I now searched for fear. I scanned for a trace of the old vertigo.  I knew that faith in the Manual was impossible, that the nightmare belt that protected the city was broken, but I wasn’t afraid. I was peaceful. Maybe, like me, the city didn’t need to be afraid to survive.
 
They were coming. The multitude Self. They would push the nightmare belt down to reach us from beyond its barrier. Halloween was something else that year.
 
I was injured, feverish, probably still on morphine, but after being discharged from the hospital I saw it clear as day. A horrible carnival, the very forms of the nightmare belt.
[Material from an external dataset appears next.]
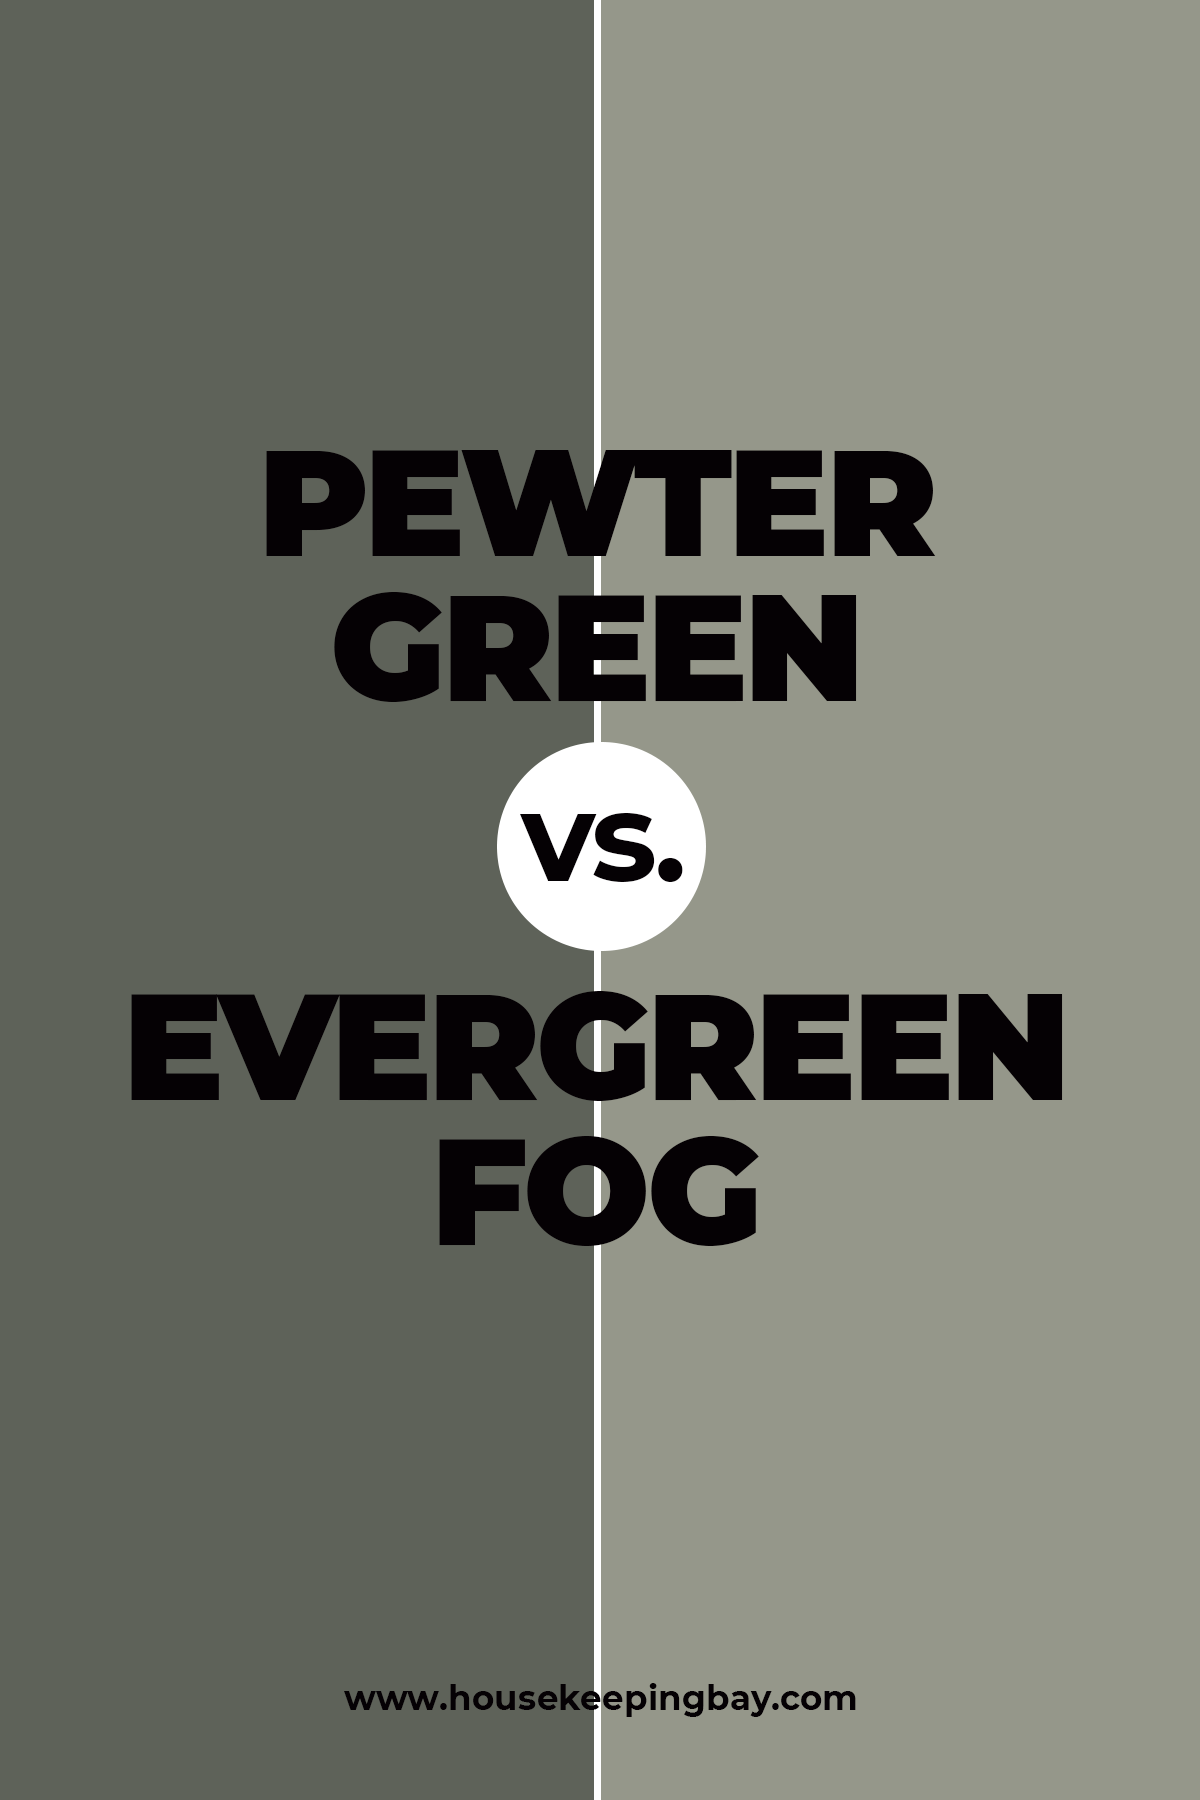 Pewter Green vs. Evergreen Fog

The inchoate impulses it shows us to show us our incoherence, to show us we lack a self. Desperate vile things we hold to, to feel stable. The many ways we fail our will, the many ways we contradict our conscience. Sinewy ropes, hostile linkages of nervous ligament holding society together, each node both victim and aggressor fashioning the connective tissue of a vast organic malice. The very reified appearance of the citizens’ selfish desire for each other, relationships of resentment and compulsion that held them together, always rigidly and at a distance. A bond to separate. This was the nightmare belt! Our mutilation, our hunger for each other, resentment against each other. The connections would always become tense and brittle and snap back, their severed backlash bodying forth a gremlin-like appearance. New creatures, a host of playful, poetic punishers falling back upon their progenitors, the citizens, bloodlessly ripping the heads off the heartless, the legs off the cowardly. Here the ludic eschaton! Totemic presences! That Halloween was something else, alright.
 
The city had fallen, a city caked in fear. To them who saw it off, a vision of Self.